> [Exercise requirements] Please reproduce the data exactly, though every picture must stay out.

> [Supplied data]
=====

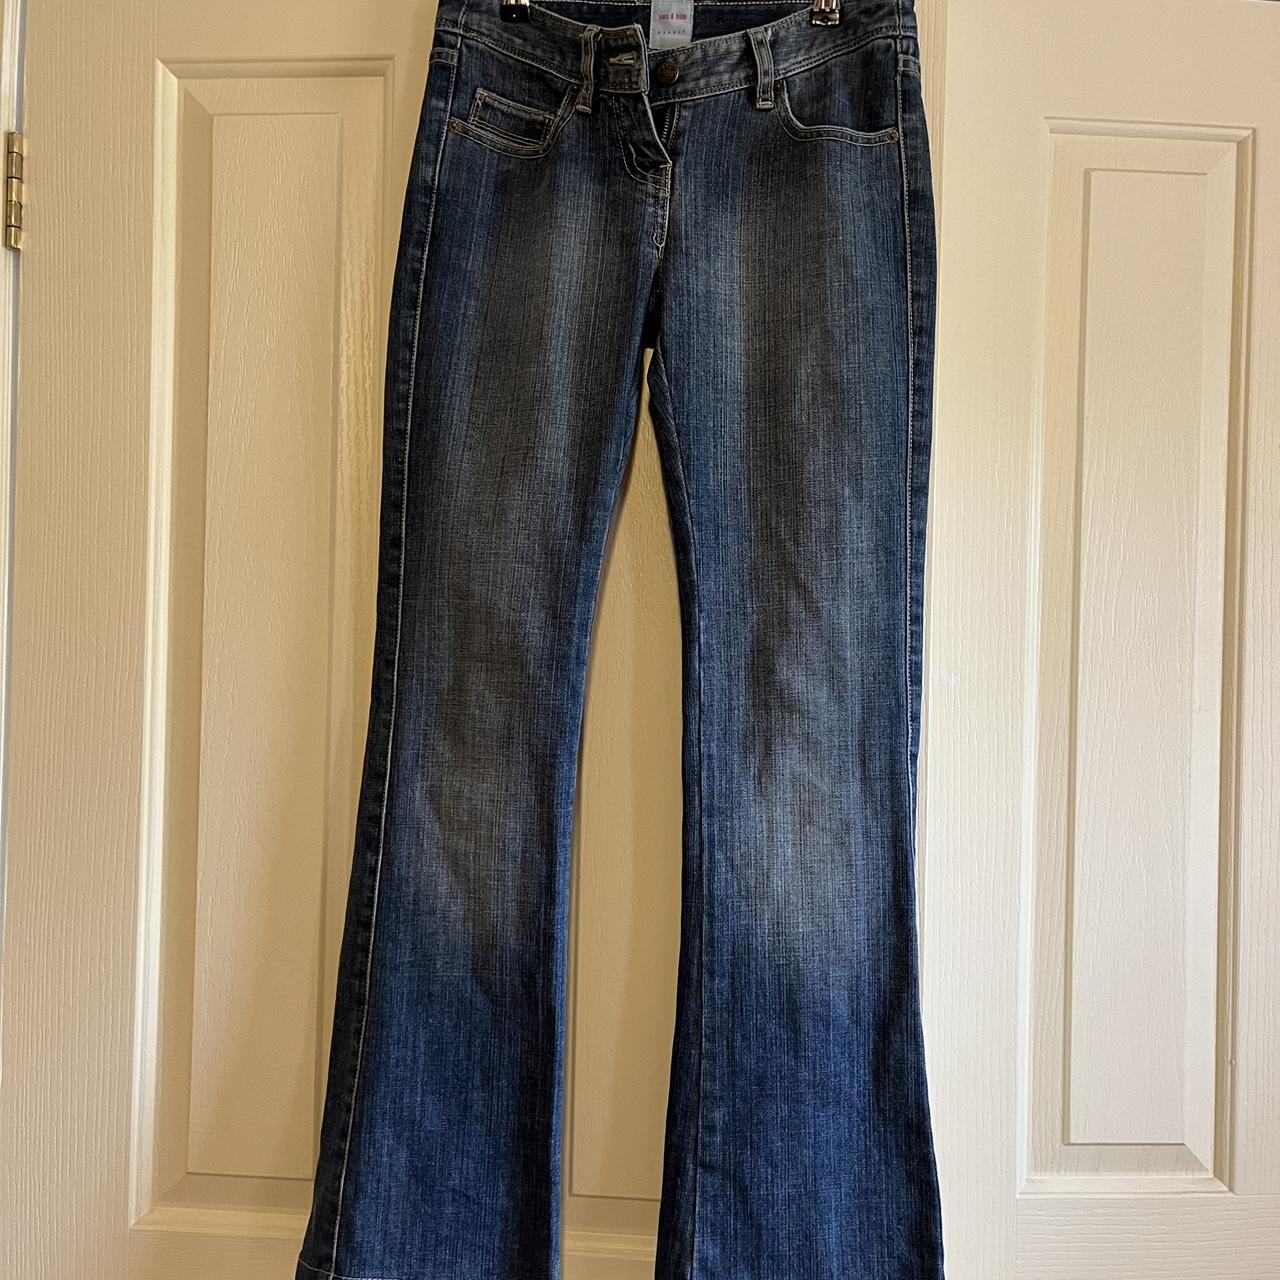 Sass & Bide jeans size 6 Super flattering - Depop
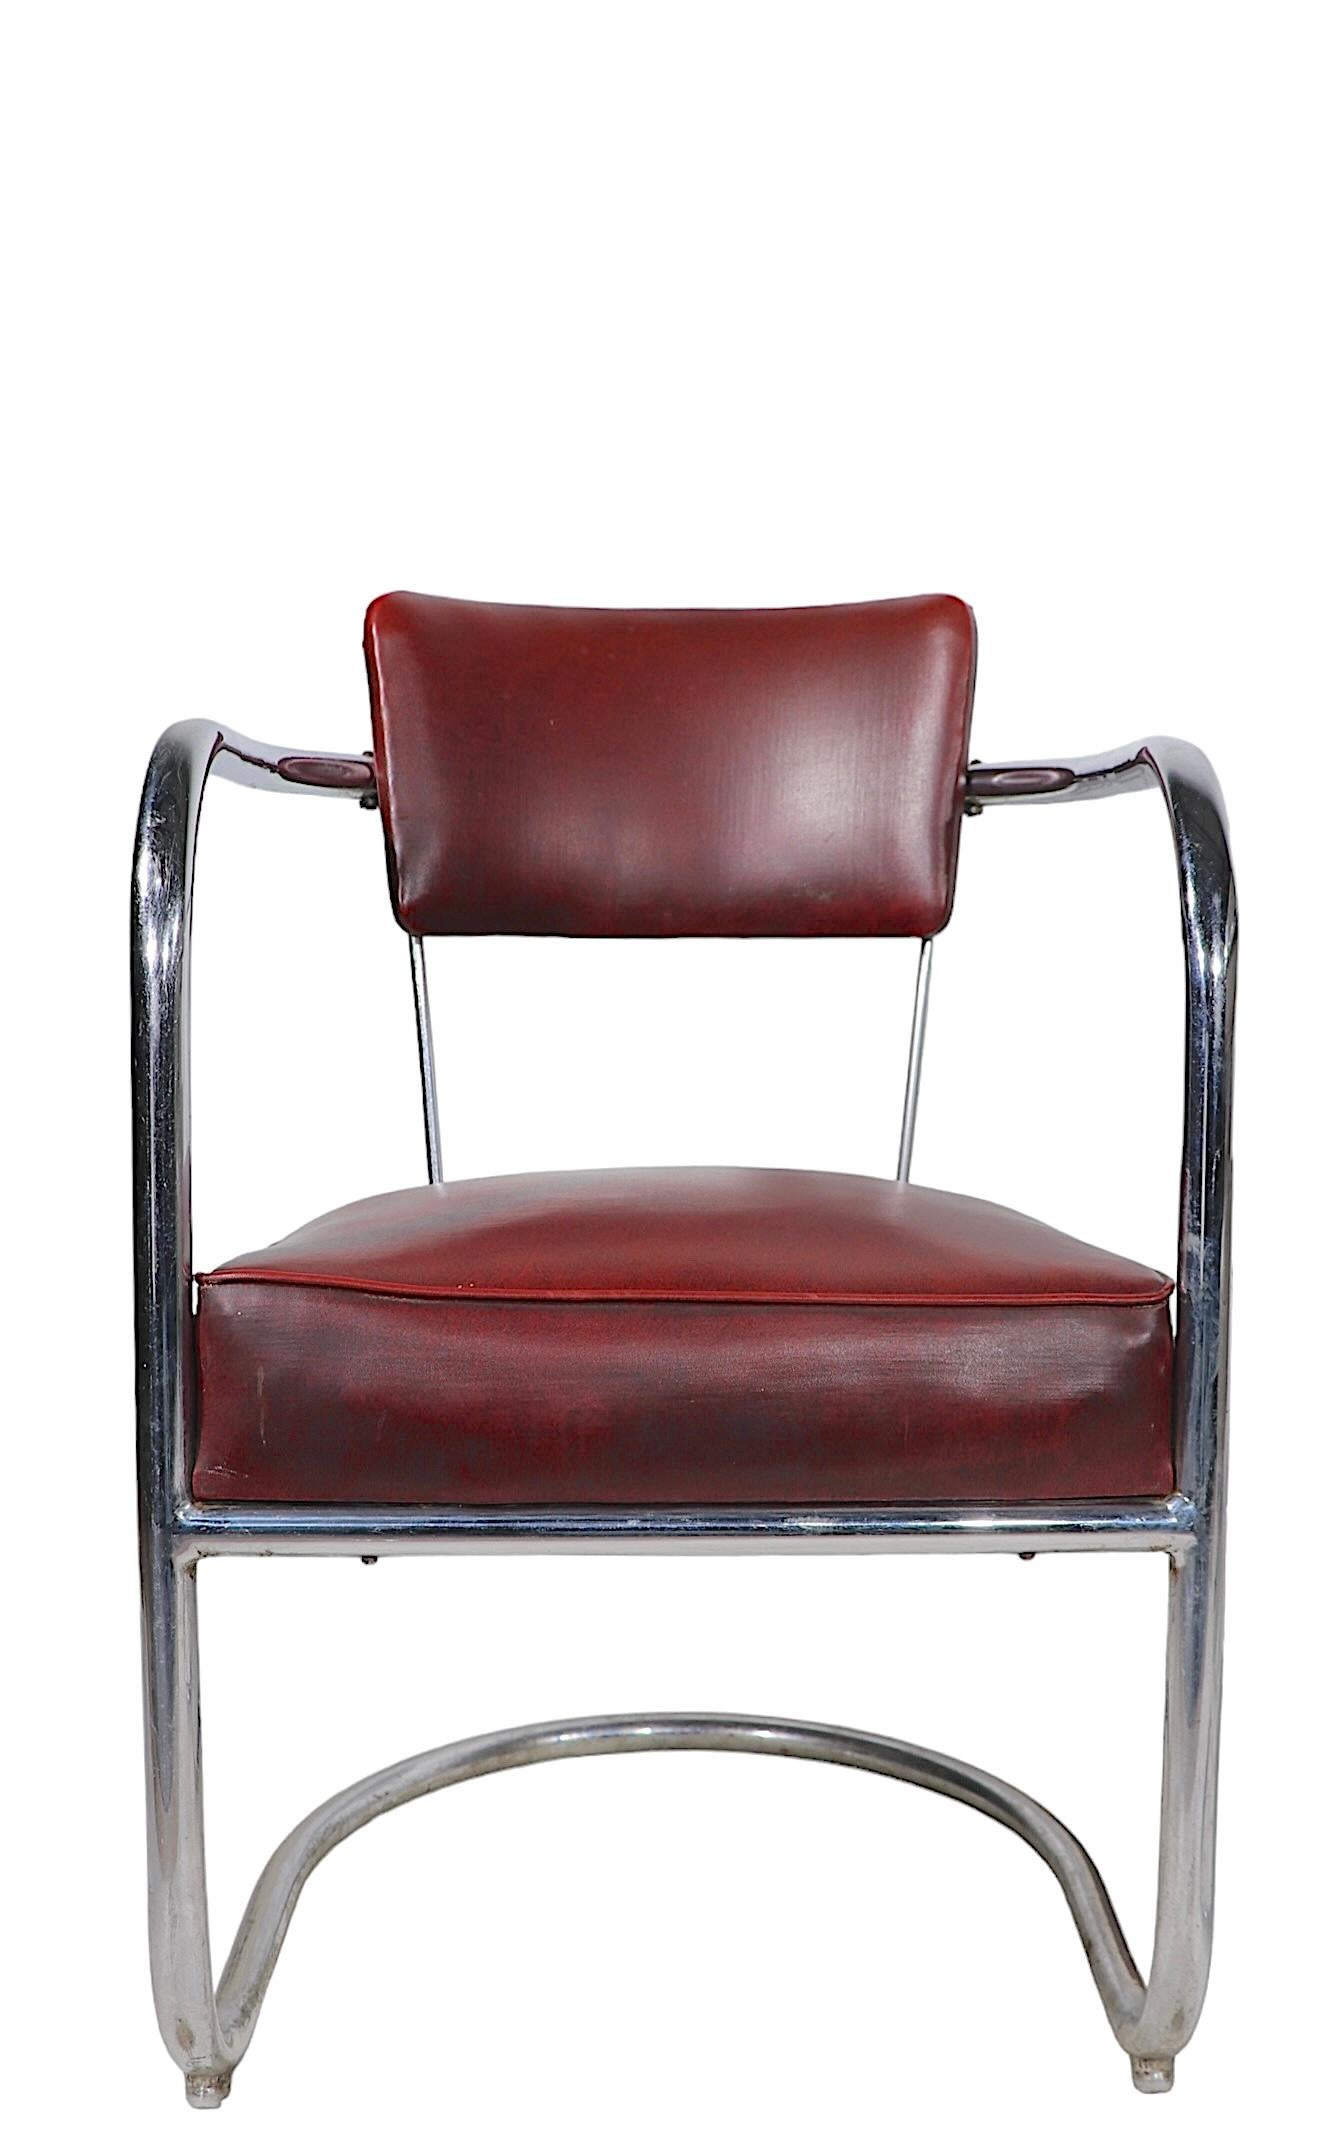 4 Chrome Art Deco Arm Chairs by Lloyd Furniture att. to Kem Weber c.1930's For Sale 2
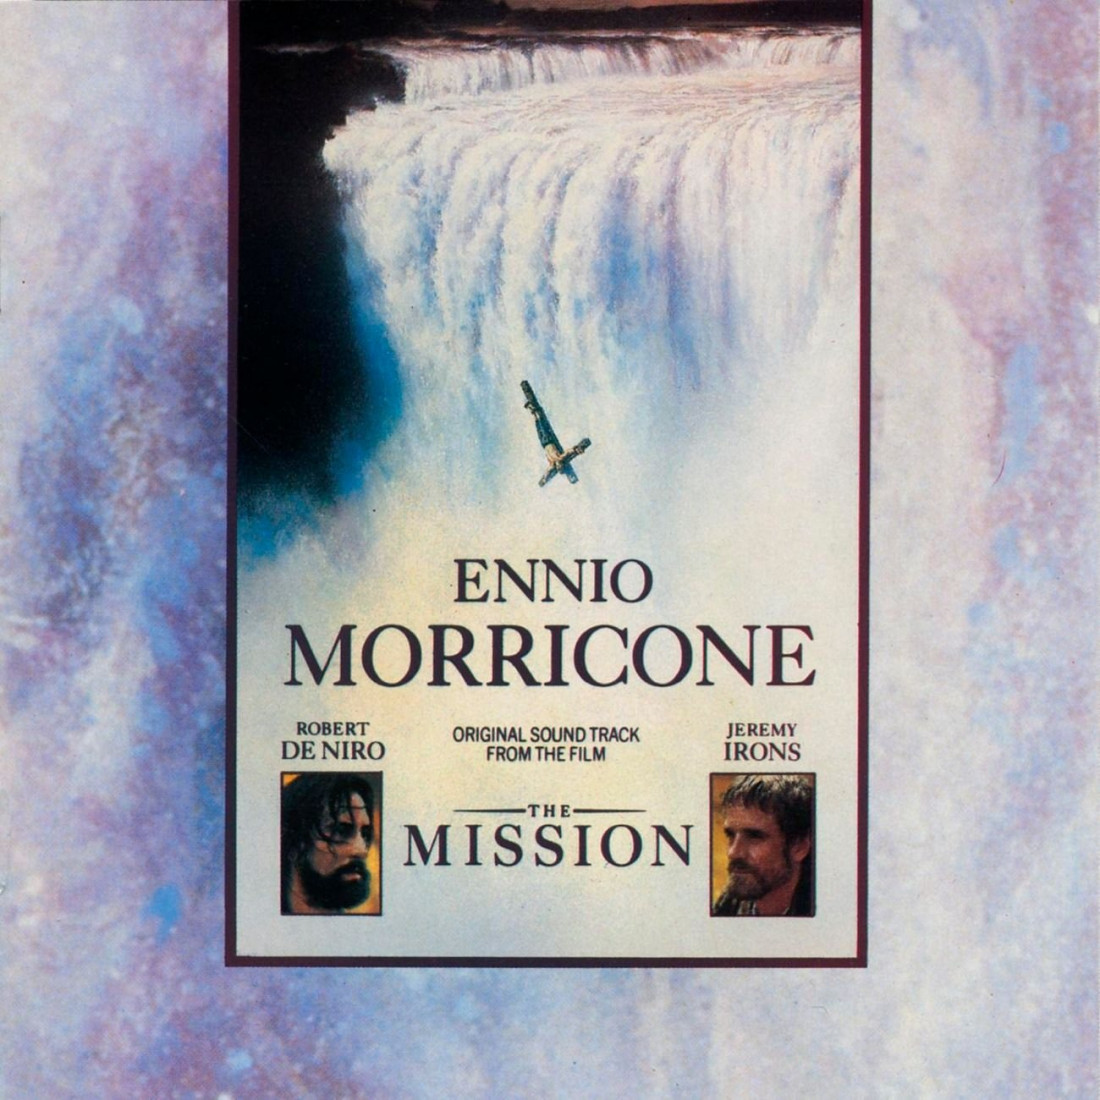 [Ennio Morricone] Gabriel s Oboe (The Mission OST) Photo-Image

=====

> [Answer area]
 Sass & Bide jeans size 6 Super flattering - Depop
 4 Chrome Art Deco Arm Chairs by Lloyd Furniture att. to Kem Weber c.1930's For Sale 2
 [Ennio Morricone] Gabriel s Oboe (The Mission OST) Photo-Image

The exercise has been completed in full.